Peter Cardy: How can we cope with a tinkering chair?

Sector veteran Peter Cardy offers answers to your workplace dilemmas

Peter Cardy

Q We are recruiting a new manager for our volunteer team, but our chair keeps tinkering. She keeps questioning every aspect, including our selection of short and long-listed candidates. What should I do?

A Evidently delegation is a new idea to her. Say politely but firmly that either you can lead the recruitment or she can, but not both of you. More worrying is what this means for the new manager: will she want to second-guess all of her or his work? If so, it could be a very short-term appointment.

Q Halfway through the recruitment of our new chief executive, the trustee chairing the recruitment panel has decided to throw his hat in the ring. He is undoubtedly the strongest candidate in a weak field, but I have an uneasy feeling.

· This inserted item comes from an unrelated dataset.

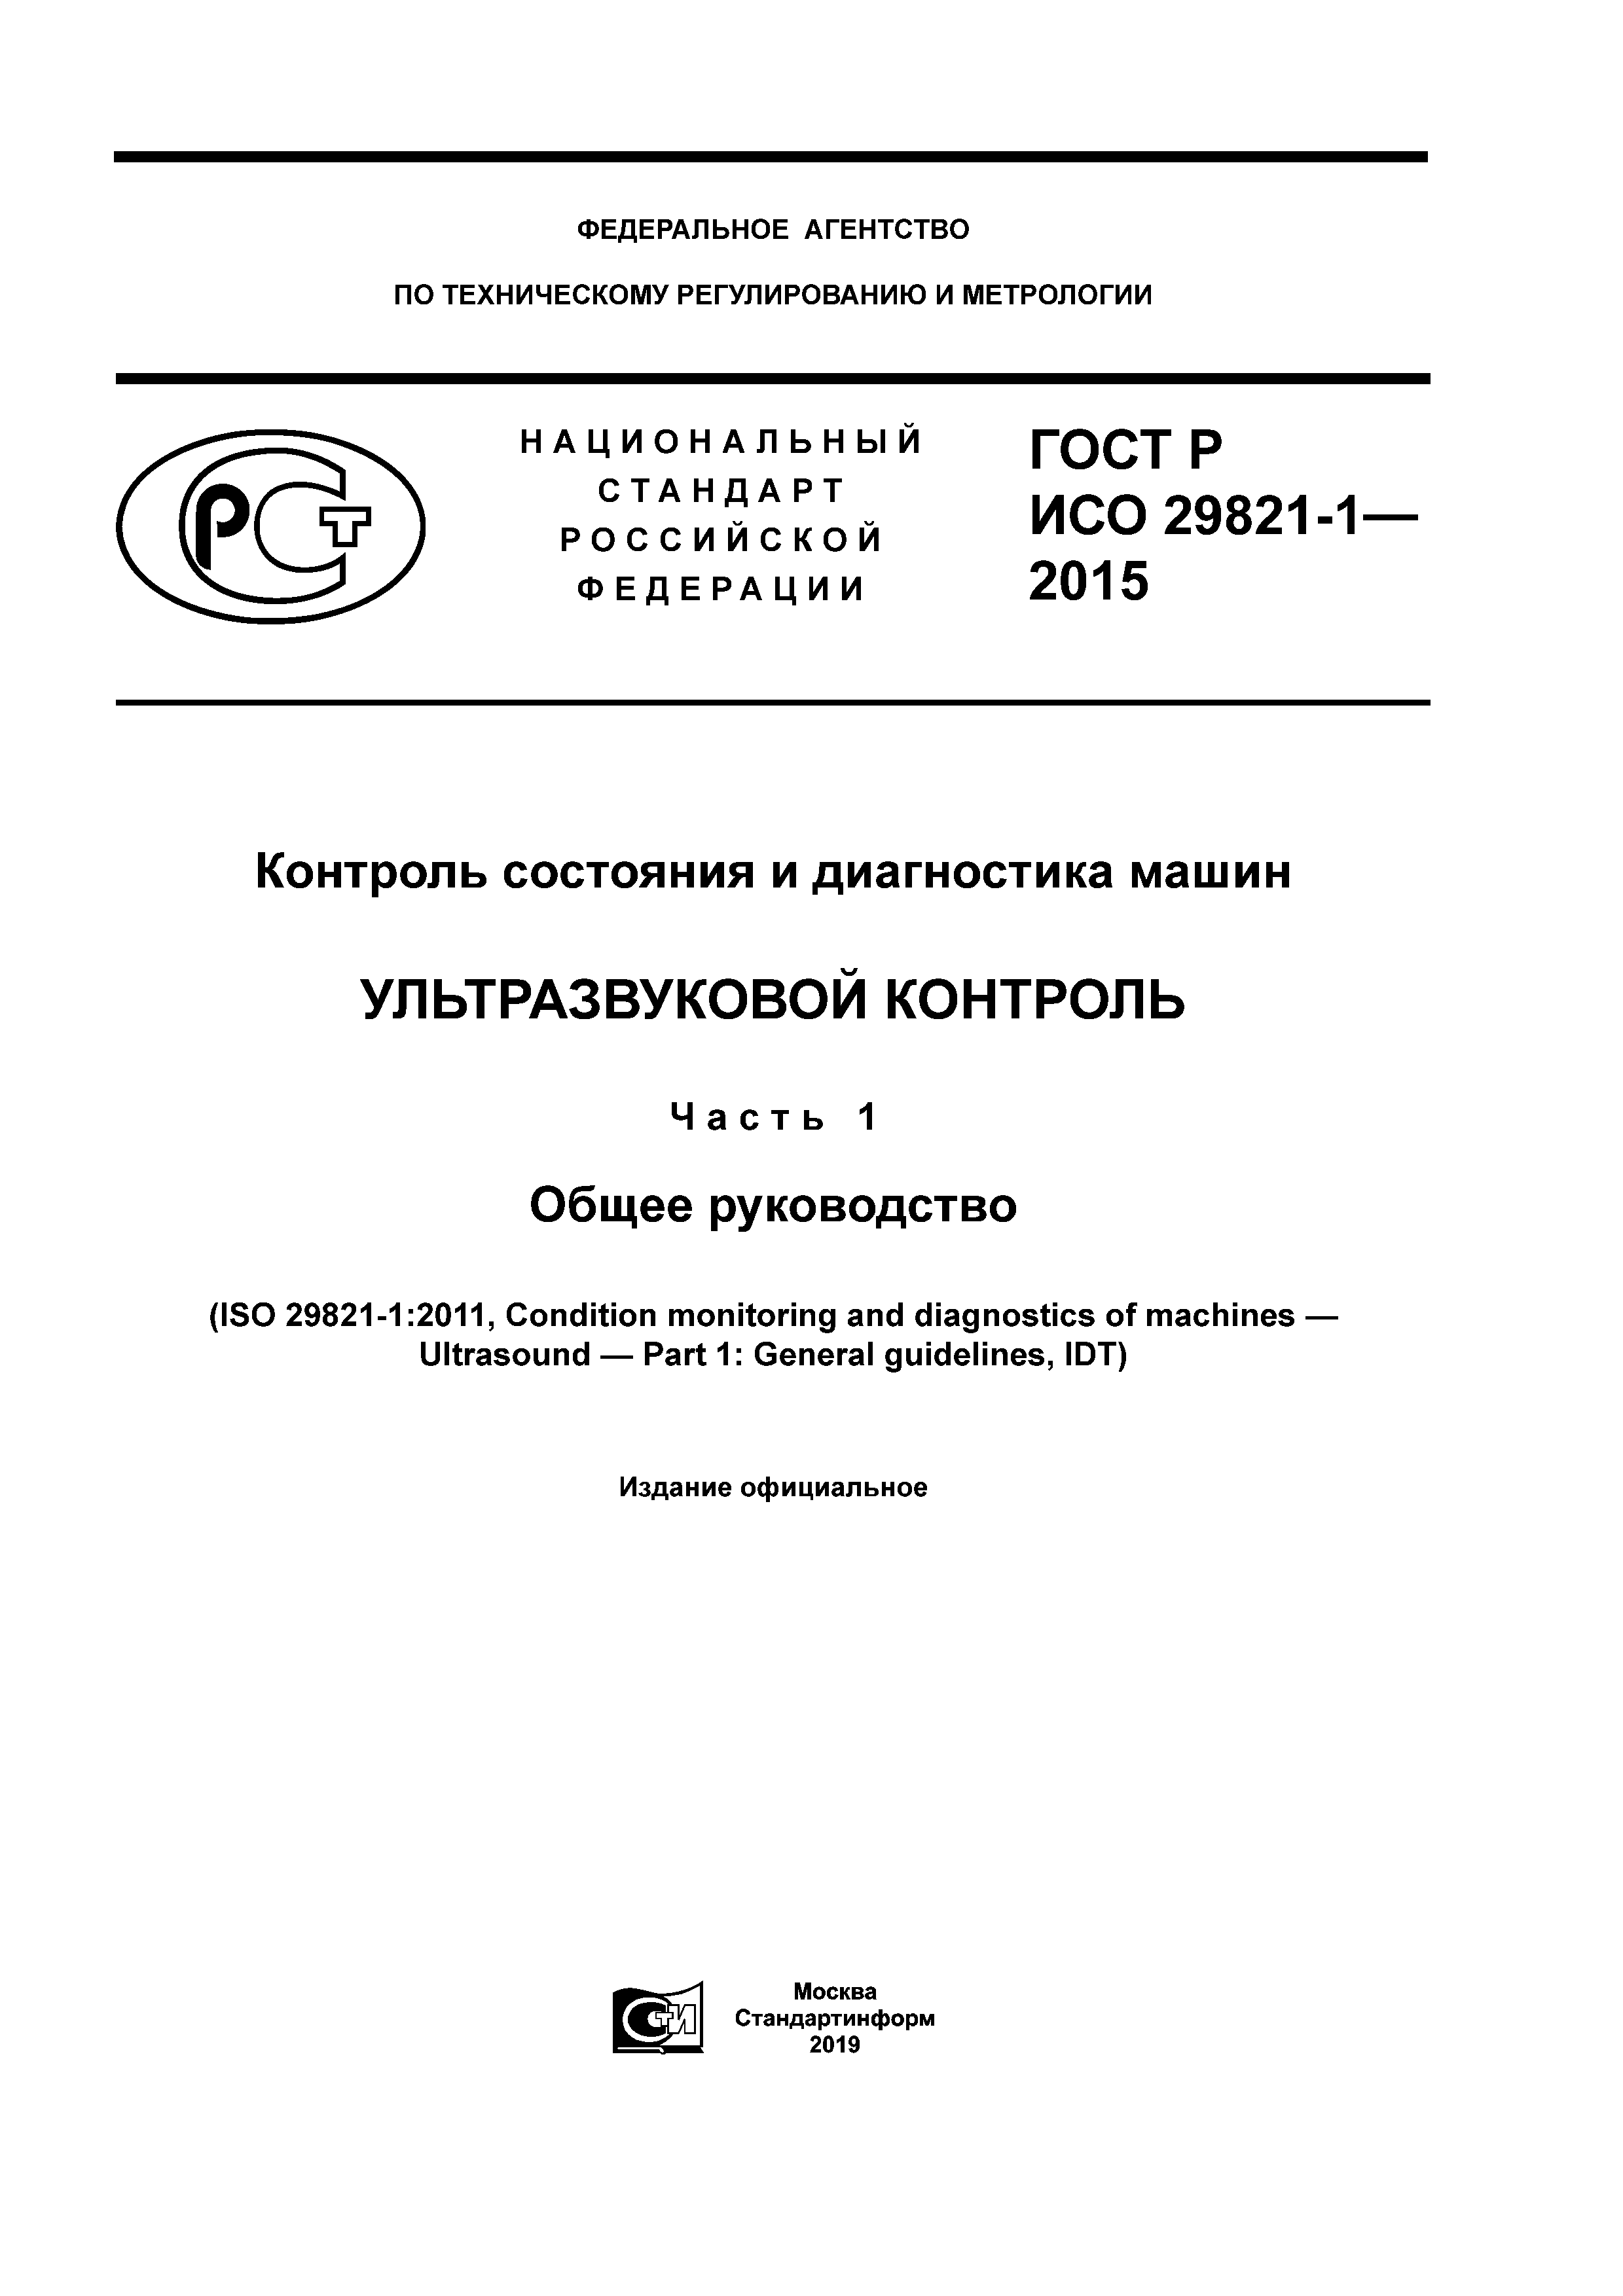 ГОСТ Р ИСО 29821-1-2015

A You’re right to feel uneasy. Apart from anything else, the judgement of your trustee is in question for this late decision. Appoint him and you’ll find a Twitter-storm about the fairness of the process, inside knowledge, favouritism and so forth. There will be hostile gossip within the organisation and maybe within the board. You could have formal challenges from candidates who feel unfairly treated. It’s not worth the hassle: re-advertise and start the process afresh.

Q We have a useless trustee who was involved in setting up the organisation. She misses three out of four meetings and, when she does attend, contributes very little. I’m out of ideas. What should I do?

A Bite the bullet and get rid of them. Be clear, logical and explicit about the reasons. Make sure you’ve lined up a majority and propose a resolution to terminate her trusteeship. She might take the hint and resign.

Q One of our branches thinks a well-known mass-fundraising event run by a major charity in our sector is a good idea. They like it so much they’ve been quietly running their own local version under the same title and it’s taken off. Our relations with the other charity are tricky enough already. What should I do?

A Get on the phone to your opposite number at your larger cousin, explain and apologise. Talk to the local chair or organiser and explain that the event is the intellectual property of the other charity and you can’t use it without permission. Then do some creative thinking with the local group about the event and make it distinctively your own. There is plenty of room for fundraising with similar themes.

Q We’re too dependent on one large donor, so I’ve proposed to the chief executive that we set up a development sub-committee of the board. But she is really resisting. What should I do?

A Sketch out with the chief executive how a development sub-committee would work, how to align it with other planned changes and when to bring it on-stream. You might get a quite different reaction.